Lisa considers herself a Marxist--"but I'm not quite sure what brand." In addition, she does not consider revolutionary ideals incompatible with the labor movement. "People like George Meany really don't represent most workers or most trade union officials."
UNIONIZING SERVICE employees offers opportunities other unionizing efforts don't. Lisa attributes this to the close community of interests that the hospital aides share with the patients. This is true especially at Boston City Hospital where most of the workers come from the community, Lisa explained. Because service employees can't increase their productivity and they feel the inflation squeeze the tightest, they are potentially more radical than commodity producers.

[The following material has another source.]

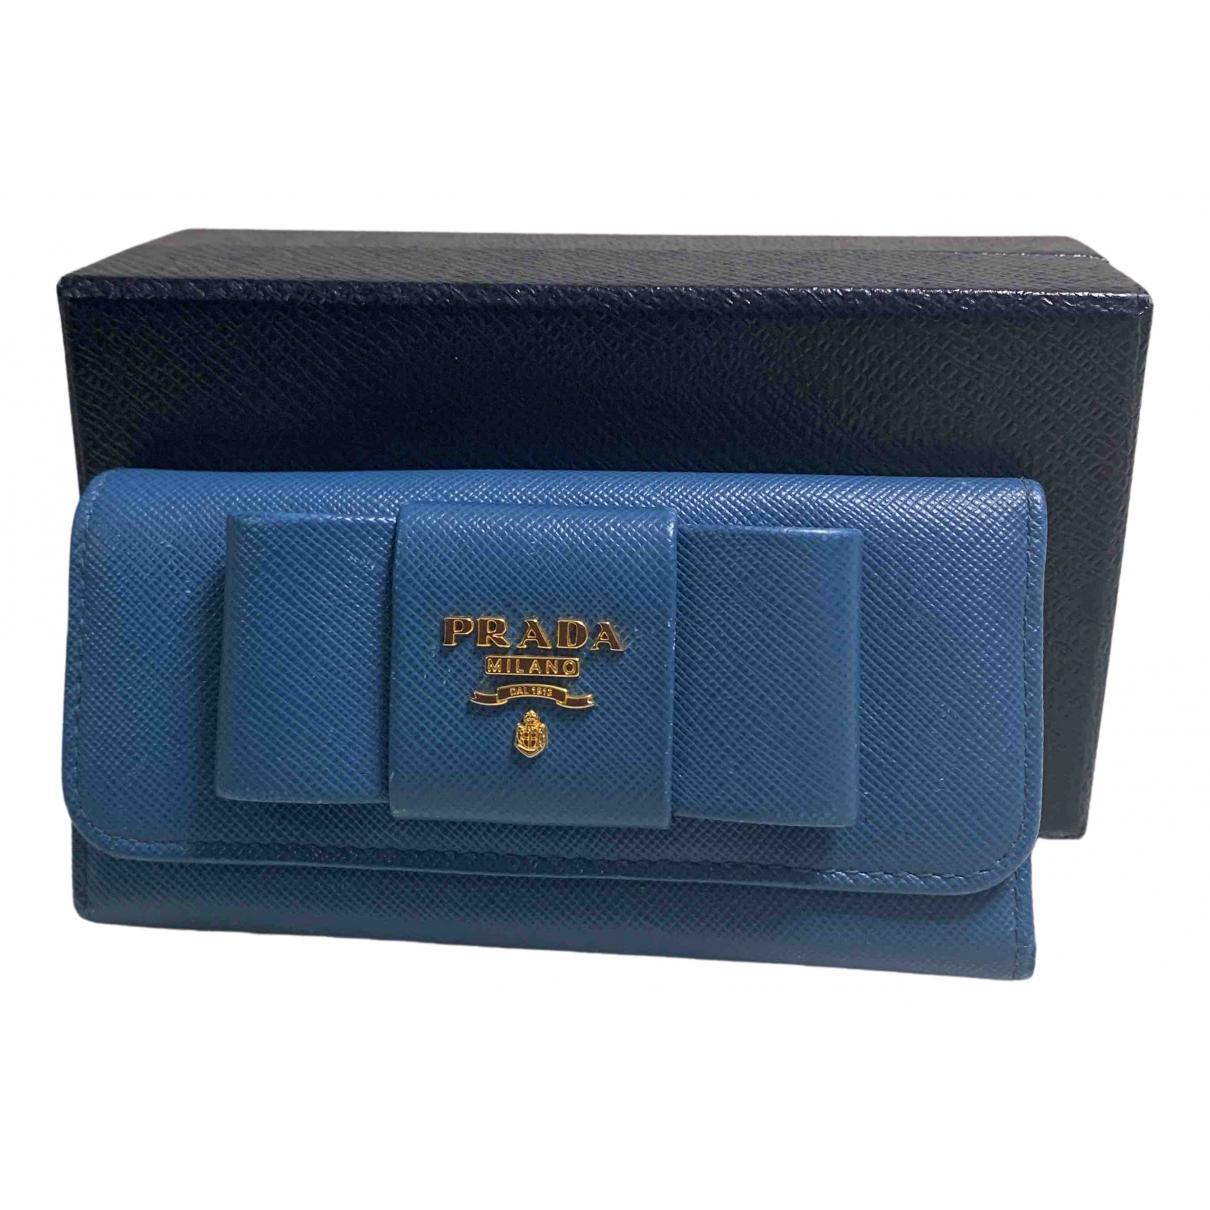 Prada N Blue Leather Purses, wallet & cases for Women N

Some organizers capitalize on this. Lisa told of her disconcerting involvement with two workers from the Progressive Labor party. The workers interrupted a union meeting and requested that the organizer, Lisa, hand the leadership of the meeting over to the workers. Lisa agreed. Within an hour the workers from PL were spouting party doctrine and had taken complete control of the meeting, which angered many of the other workers.
Lisa is receptive to criticism and has no hard feelings against the PL faction. "The hospital workers are hostile to the PL people--not because they disagree with their goals, but the way they come across turns many workers off," she explained.
The strike at Mass Rehab is still in its crucial stage and Lisa doubts she will return to college in the near future. It is the specifics of organizing that frustrate Lisa and not the choices she has to make about her own future. The more immediate exigencies of external situations seem to grip her and therefore decisions about her education keeps getting postponed.
"After all, social theory is real important, and I firmly believe in mixing theory and practice, but, well, right now it just doesn't seem to fit into my plans. There's always something else I have to do."